§ **Problem description**
Could you output the listing that follows exactly, without its images?

** Data section follows **

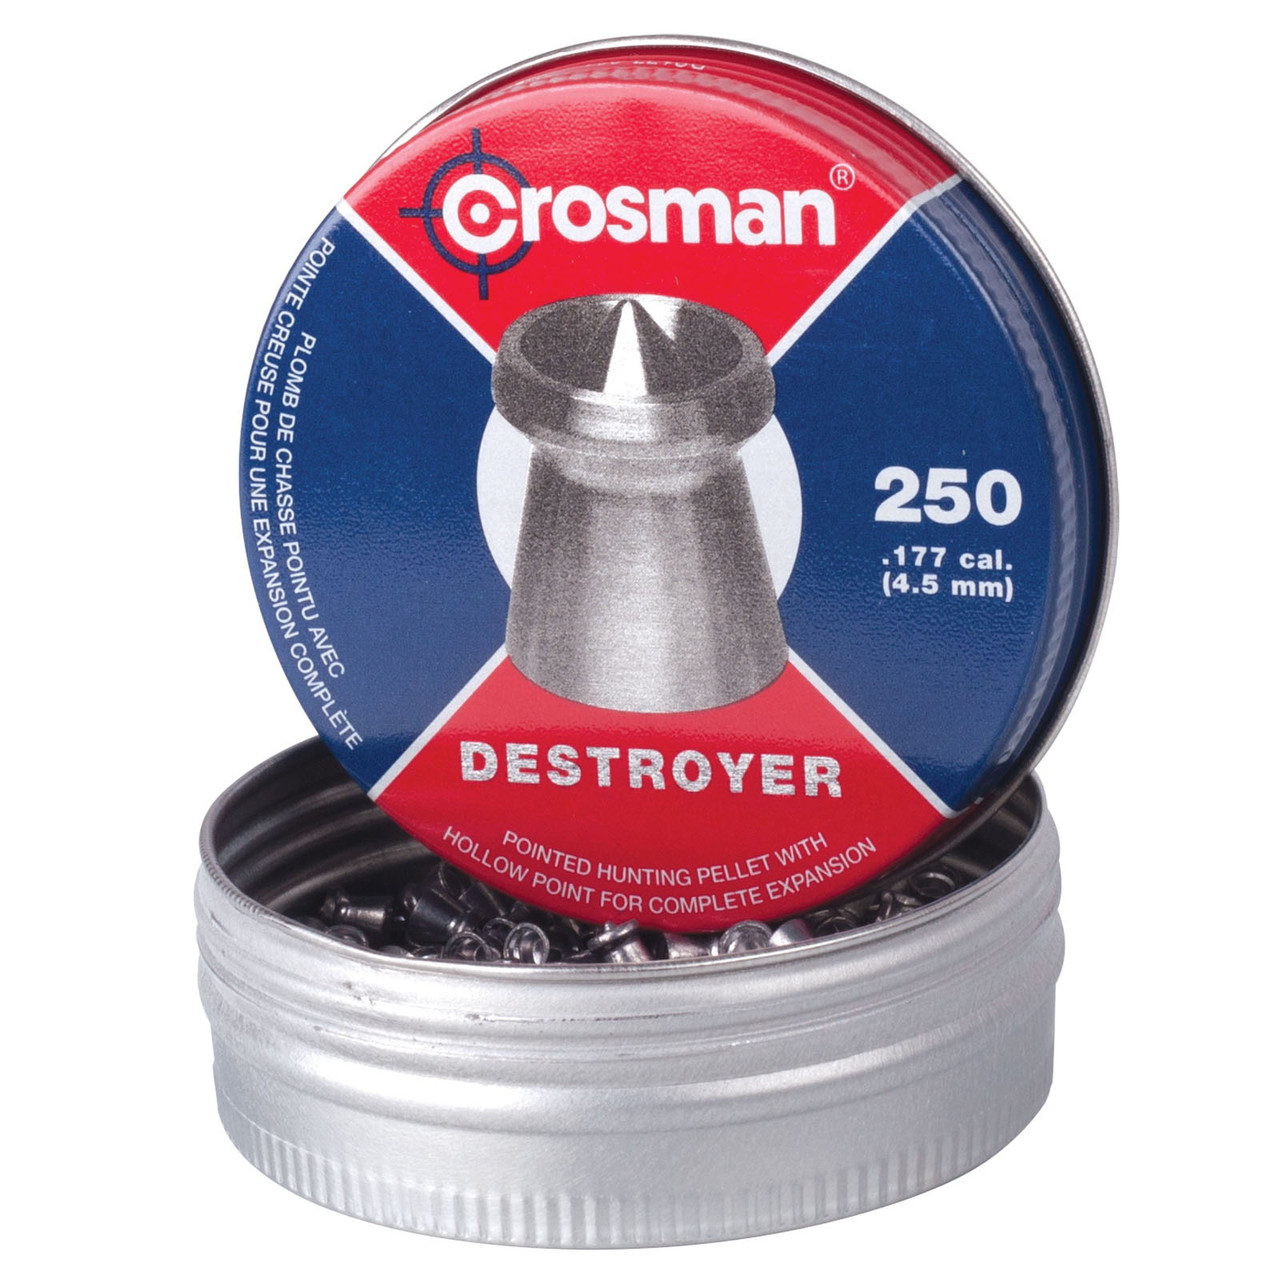 Crossman destroyer .22 5.5mm x175 airifle pellets 
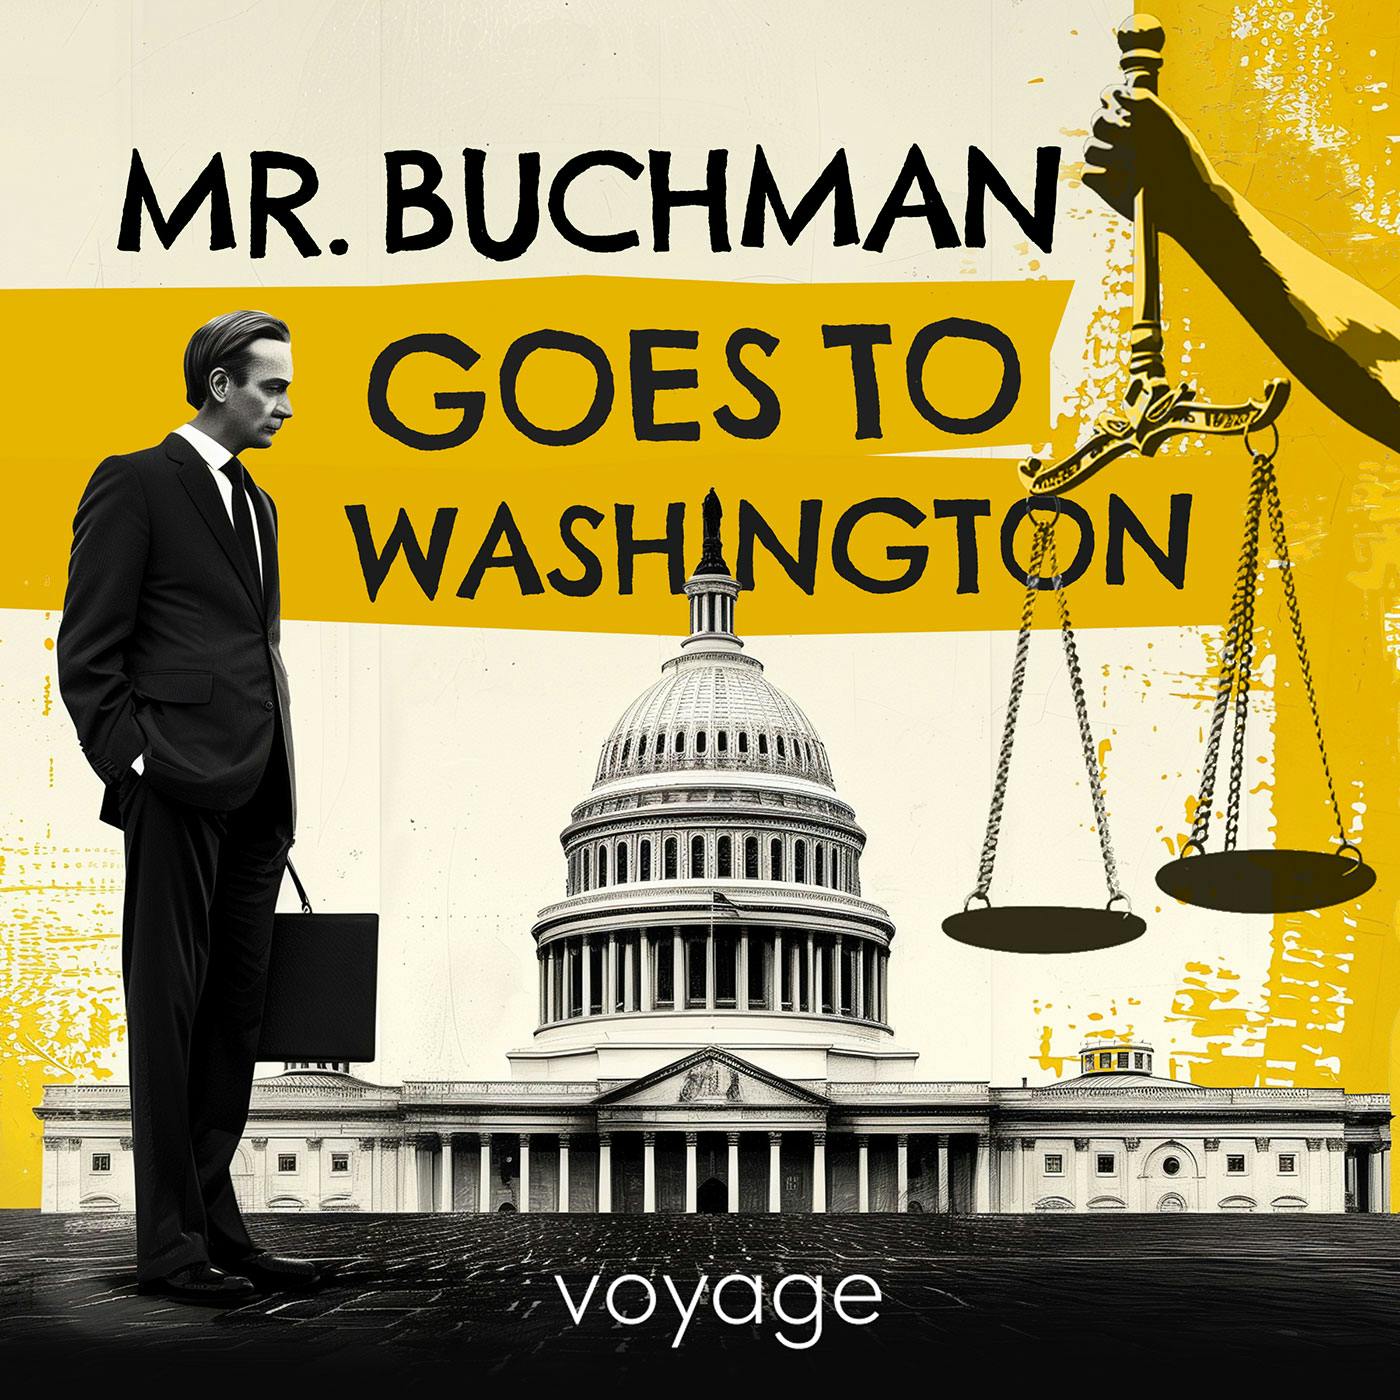 Mr. Buchman Goes To Washington
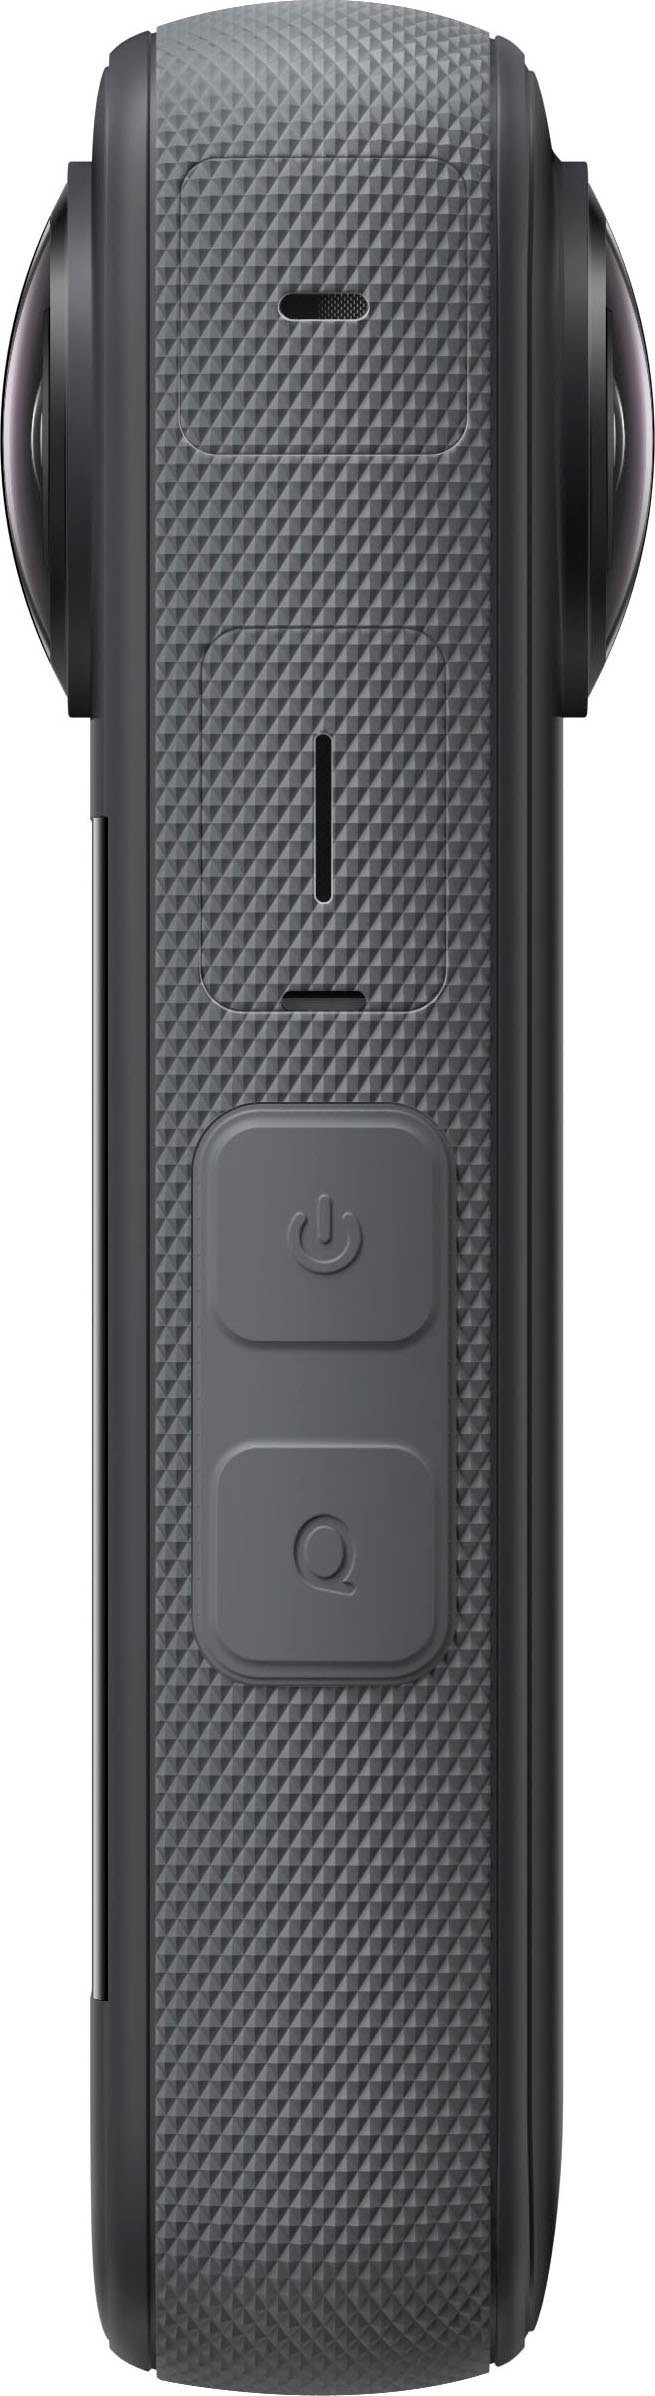 Insta360 Kit (5,7K, X3 WLAN (Wi-Fi) All-Purpose Camcorder Bluetooth,
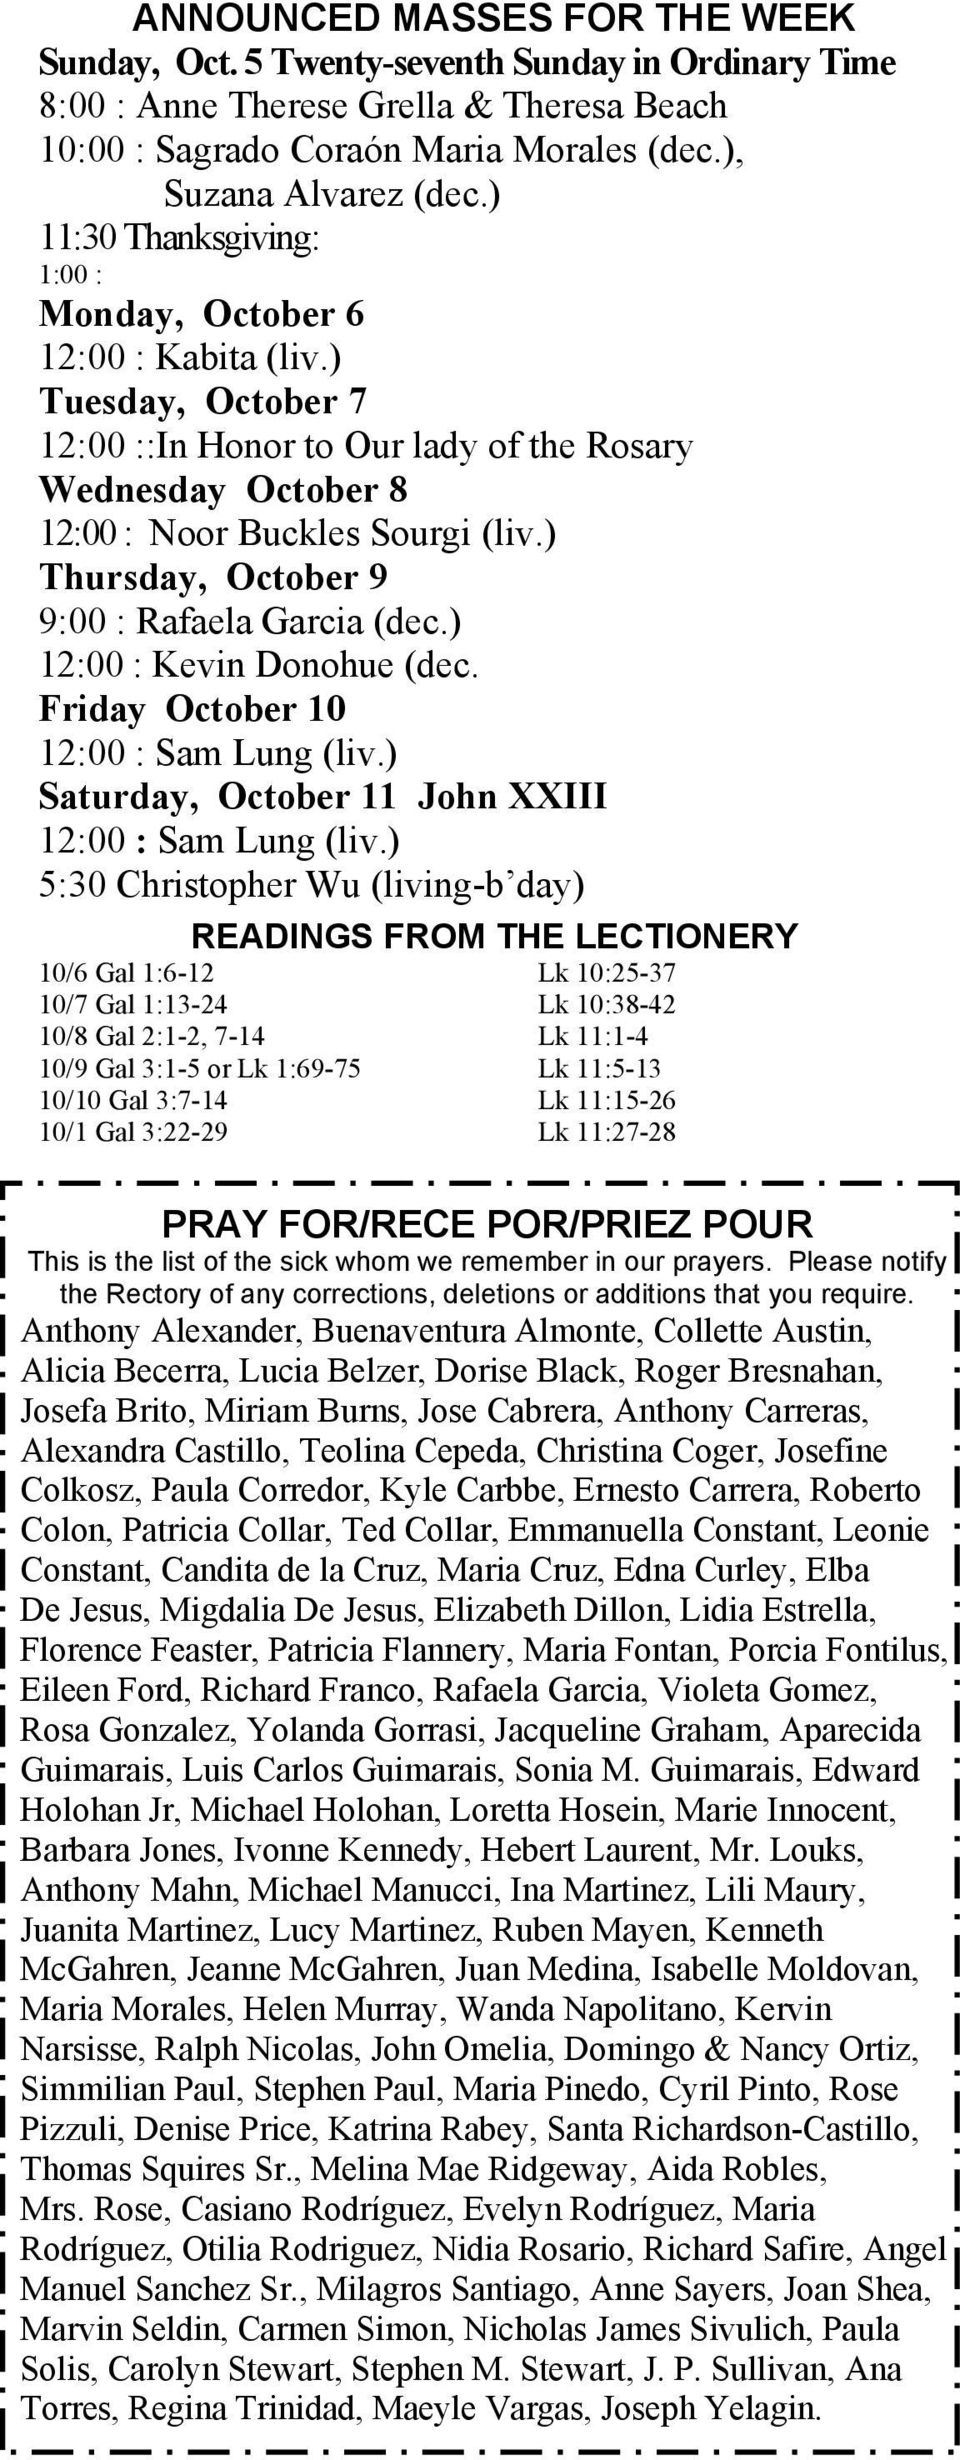 ) Thursday, October 9 9:00 : Rafaela Garcia (dec.) 12:00 : Kevin Donohue (dec. Friday October 10 12:00 : Sam Lung (liv.) Saturday, October 11 John XXIII 12:00 : Sam Lung (liv.

** End of Data section **

§ **Result for this task**
 Crossman destroyer .22 5.5mm x175 airifle pellets 
 Mr. Buchman Goes To Washington
 Insta360 Kit (5,7K, X3 WLAN (Wi-Fi) All-Purpose Camcorder Bluetooth,
 ) Thursday, October 9 9:00 : Rafaela Garcia (dec.) 12:00 : Kevin Donohue (dec. Friday October 10 12:00 : Sam Lung (liv.) Saturday, October 11 John XXIII 12:00 : Sam Lung (liv.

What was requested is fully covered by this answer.